Collected data entries:
----------
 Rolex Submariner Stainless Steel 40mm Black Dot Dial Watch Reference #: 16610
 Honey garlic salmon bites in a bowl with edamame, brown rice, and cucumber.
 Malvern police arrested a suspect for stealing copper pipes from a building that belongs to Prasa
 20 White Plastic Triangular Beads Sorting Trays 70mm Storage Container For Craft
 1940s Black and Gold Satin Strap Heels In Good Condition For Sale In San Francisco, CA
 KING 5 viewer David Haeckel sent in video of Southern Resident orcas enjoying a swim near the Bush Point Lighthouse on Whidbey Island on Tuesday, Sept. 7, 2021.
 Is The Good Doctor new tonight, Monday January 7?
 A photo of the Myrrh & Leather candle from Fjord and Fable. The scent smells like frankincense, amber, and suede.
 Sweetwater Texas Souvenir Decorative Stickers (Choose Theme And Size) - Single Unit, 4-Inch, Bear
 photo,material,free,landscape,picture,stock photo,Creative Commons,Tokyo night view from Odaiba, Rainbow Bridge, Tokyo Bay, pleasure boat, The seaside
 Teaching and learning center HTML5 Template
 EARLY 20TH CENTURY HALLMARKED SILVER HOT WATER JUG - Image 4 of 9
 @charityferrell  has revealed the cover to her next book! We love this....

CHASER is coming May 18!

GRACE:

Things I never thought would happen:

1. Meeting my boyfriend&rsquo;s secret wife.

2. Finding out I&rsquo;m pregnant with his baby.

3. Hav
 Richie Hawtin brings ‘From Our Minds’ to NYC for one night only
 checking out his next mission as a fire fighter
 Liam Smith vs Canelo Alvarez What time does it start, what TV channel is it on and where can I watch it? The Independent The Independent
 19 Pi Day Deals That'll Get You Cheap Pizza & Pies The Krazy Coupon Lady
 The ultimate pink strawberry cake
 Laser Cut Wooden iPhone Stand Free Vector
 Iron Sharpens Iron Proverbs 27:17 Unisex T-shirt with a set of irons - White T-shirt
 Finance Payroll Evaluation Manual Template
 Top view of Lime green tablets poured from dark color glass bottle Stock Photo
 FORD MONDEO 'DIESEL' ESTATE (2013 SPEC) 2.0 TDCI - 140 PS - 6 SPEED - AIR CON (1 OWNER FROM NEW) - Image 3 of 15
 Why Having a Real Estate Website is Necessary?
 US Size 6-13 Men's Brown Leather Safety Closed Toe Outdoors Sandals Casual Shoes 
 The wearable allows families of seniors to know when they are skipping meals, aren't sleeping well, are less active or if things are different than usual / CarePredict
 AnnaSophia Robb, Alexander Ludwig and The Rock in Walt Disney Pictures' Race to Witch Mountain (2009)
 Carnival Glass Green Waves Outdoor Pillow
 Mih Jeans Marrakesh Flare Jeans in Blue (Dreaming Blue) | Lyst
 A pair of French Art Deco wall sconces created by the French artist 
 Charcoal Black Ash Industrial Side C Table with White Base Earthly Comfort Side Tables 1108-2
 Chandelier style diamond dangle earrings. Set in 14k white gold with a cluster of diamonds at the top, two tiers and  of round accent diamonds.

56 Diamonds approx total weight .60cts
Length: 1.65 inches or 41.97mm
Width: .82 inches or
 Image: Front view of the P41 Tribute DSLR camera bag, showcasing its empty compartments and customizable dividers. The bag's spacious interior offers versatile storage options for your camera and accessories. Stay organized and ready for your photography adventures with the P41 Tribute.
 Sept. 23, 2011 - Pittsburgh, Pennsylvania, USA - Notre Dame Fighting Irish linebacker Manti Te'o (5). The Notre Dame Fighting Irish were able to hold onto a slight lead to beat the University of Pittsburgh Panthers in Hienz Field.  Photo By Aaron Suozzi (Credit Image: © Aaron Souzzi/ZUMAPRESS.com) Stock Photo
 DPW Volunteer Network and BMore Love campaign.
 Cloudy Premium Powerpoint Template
----------
Would you print, exactly as written, every line above from the one holding "KING 5 viewer" through the one holding "1. Meeting my boyfriend&rsquo;s secret wife.", with both included and no other lines?

▶ TASK ANSWER:
 KING 5 viewer David Haeckel sent in video of Southern Resident orcas enjoying a swim near the Bush Point Lighthouse on Whidbey Island on Tuesday, Sept. 7, 2021.
 Is The Good Doctor new tonight, Monday January 7?
 A photo of the Myrrh & Leather candle from Fjord and Fable. The scent smells like frankincense, amber, and suede.
 Sweetwater Texas Souvenir Decorative Stickers (Choose Theme And Size) - Single Unit, 4-Inch, Bear
 photo,material,free,landscape,picture,stock photo,Creative Commons,Tokyo night view from Odaiba, Rainbow Bridge, Tokyo Bay, pleasure boat, The seaside
 Teaching and learning center HTML5 Template
 EARLY 20TH CENTURY HALLMARKED SILVER HOT WATER JUG - Image 4 of 9
 @charityferrell  has revealed the cover to her next book! We love this....

CHASER is coming May 18!

GRACE:

Things I never thought would happen:

1. Meeting my boyfriend&rsquo;s secret wife.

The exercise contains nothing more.